Q&A: Why is Drew Harris suddenly criticising plans for Garda reform?

Strength of Commissioner’s opposition may test political resolve

It is unclear whether the stenngth of the Garda Commissioner’s criticism of the of the Government’s Policing, Security and Community Bill will prompt changes to it. File photograph: The Irish Times

It is unclear whether the stenngth of the Garda Commissioner’s criticism of the of the Government’s Policing, Security and Community Bill will prompt changes to it. File photograph: The Irish Times


Why is Drew Harris suddenly criticising Government plans for Garda reform?

Garda Commissioner Drew Harris has written an appraisal of the Government’s Policing, Security and Community Bill and his criticisms are contained in that. The Bill provides for both reform of the Garda and its oversight agencies. The new legislation has been drafted and is in what’s known as the pre-legislative scrutiny stage.

As part of that process, the joint Oireachtas Committee on Justice asked Mr Harris to make a submission on what’s in the Bill. The Irish Times has seen a summary of his submission and revealed its contents in reports this week. That was the first time it emerged Mr Harris was so deeply opposed to the reforms being planned.

He has labelled some of the plans as “draconian” and says that, far from reforming and improving the Garda, they will undermine positive changes already under way.

But why are we still talking about Garda reforms, wasn’t that all done years ago?
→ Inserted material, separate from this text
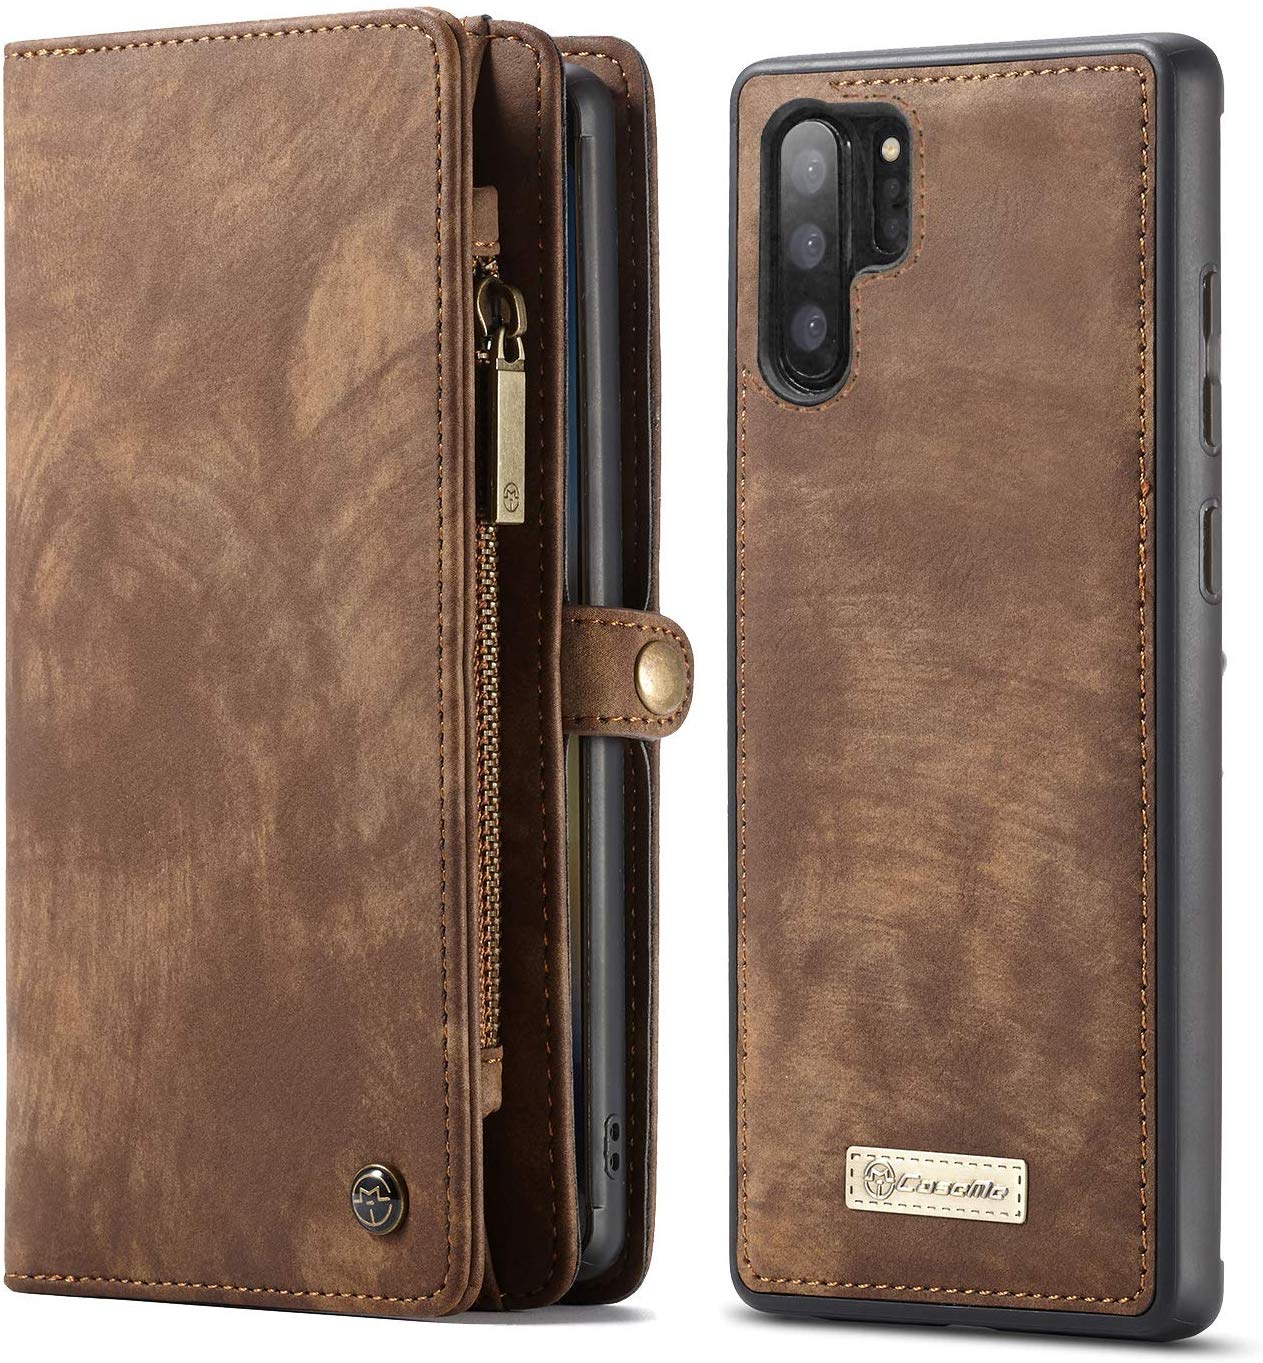 Samsung Galaxy Note 10 Plus full body protection Leather Wallet flip case cover by Excelsior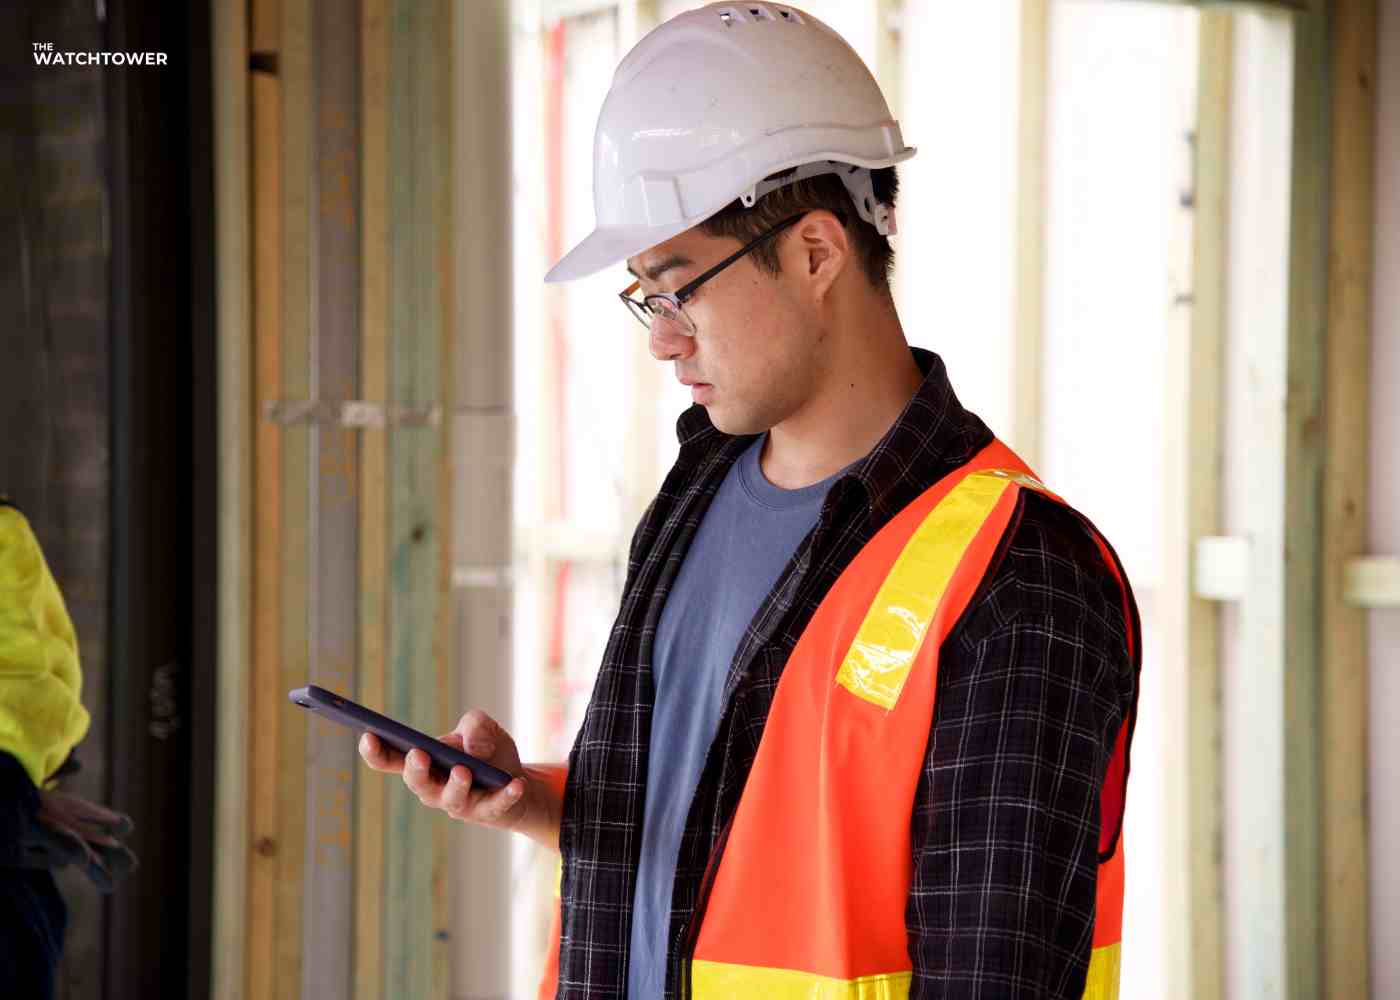 Tips For Successful Implementation of Mobile Time Clocks in Construction

In the years before Mr Harris’s appointment, exactly three years ago, the Garda force was mired in controversy - including the handling of whistleblower complaints by former Garda sergeant Maurice McCabe.

The Government set up the Commission on the Future of Policing in Ireland to review the Garda, study best practice in policing and publish a road map for reforming the Garda. It published its report in September, 2018, and Mr Harris was appointed around the same time. The Government intended Mr Harris to take up the plans for change and implement them.

In the period since then a lot of the changes have commenced. But other reforms needed new legislation before they could happen and that’s what this new Policing, Security and Community Bill is.

So what’s in this Bill?

At present the Garda Siochana Ombudsman Commission (Gsoc) investigates complaints against gardaí. The Garda Inspectorate conducts reviews and assessments of the force. And the Policing Authority holds the Garda commissioner and his senior officers to account and decides on senior appointments within the Garda, something previously done by the government.

Under the Bill, the Garda Inspectorate and Policing Authority will merge into the Policing and Community Safety Authority. It will have the power to conduct unannounced inspections of the Garda, including stations. It will also be able to conduct broad ranging assessments of Garda performance, and will retain the regular public meetings with Garda leadership previously conducted by the Policing Authority.

Gsoc will be largely retained, with extra resources to carry out investigations into Garda members and with greater powers. A Garda board - like the board of a company - will also be established under the Bill. A new Independent Examiner of Security Legislation was being created as an oversight agency for State security services and legislation.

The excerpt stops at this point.